Using Modeling and Metamodels for Reliability Study in Non-Destructive Evaluation
Why this work is in the frame
A frame that forgets how it found something cannot be audited. These are the routes that admitted this work.
Bibliographic record
Abstract
As in any other measurement process, NDE is subject to variability whose impact can be assessed to guarantee a given level of performance. Once NDE prevents catastrophic failures, deaths and environmental damage, identifying uncertainties and variability in NDE help to design more reliable inspections, therefore is a process that saves lives. This is the goal of a reliability study. Statistical indicators such as Probability of Detection (POD) curves give insights to allow building of mechanical designs with enough « secure margin » for structural integrity and to also define appropriate maintenance & inspection cycles. Simulation is very useful to support performance or reliability demonstrations that require a lot of data (such as POD studies and qualification campaigns), and where simulation can help by reducing the number of necessary mock-ups and experimental trials. In addition to physical models, the NDE simulation software CIVA now offers meta-modelling techniques.
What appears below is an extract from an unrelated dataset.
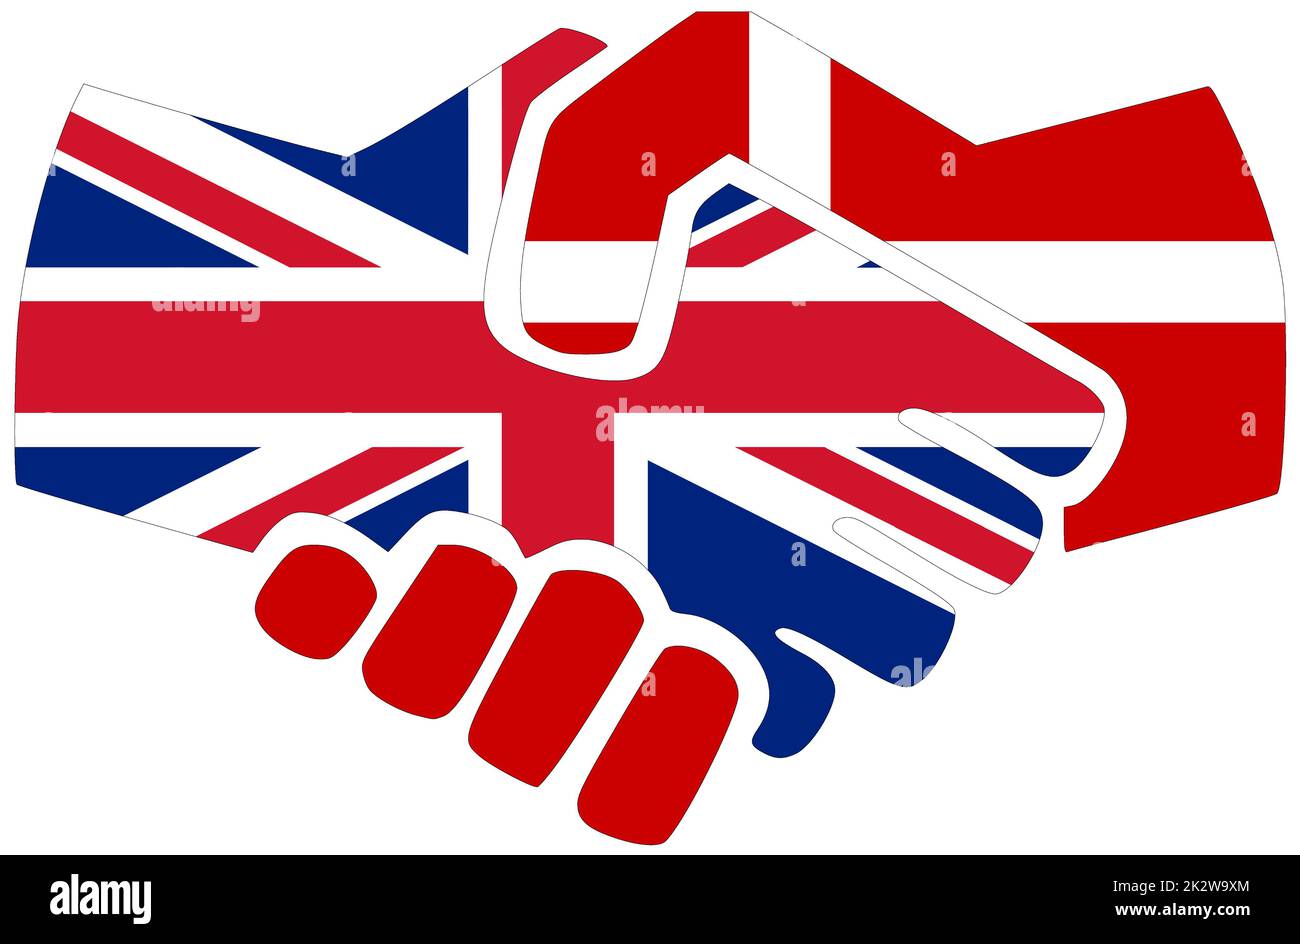 UK - Denmark : Handshake, symbol of agreement or friendship Stock Photo

Built from an initial set of physical simulations, such surrogate models give the user the possibility to generate a massive amount of data while combining and exploring multi parametric variations. This is particularly efficient in the context of reliability studies, when you have to find the best settings, track the worst-case scenario or build POD curves. This paper illustrates the use of this meta-modelling approach for the reliability study of a longitudinal weld AUT inspection. Real pipe mill inspection data are provided and compared to modelling and meta-modelling results.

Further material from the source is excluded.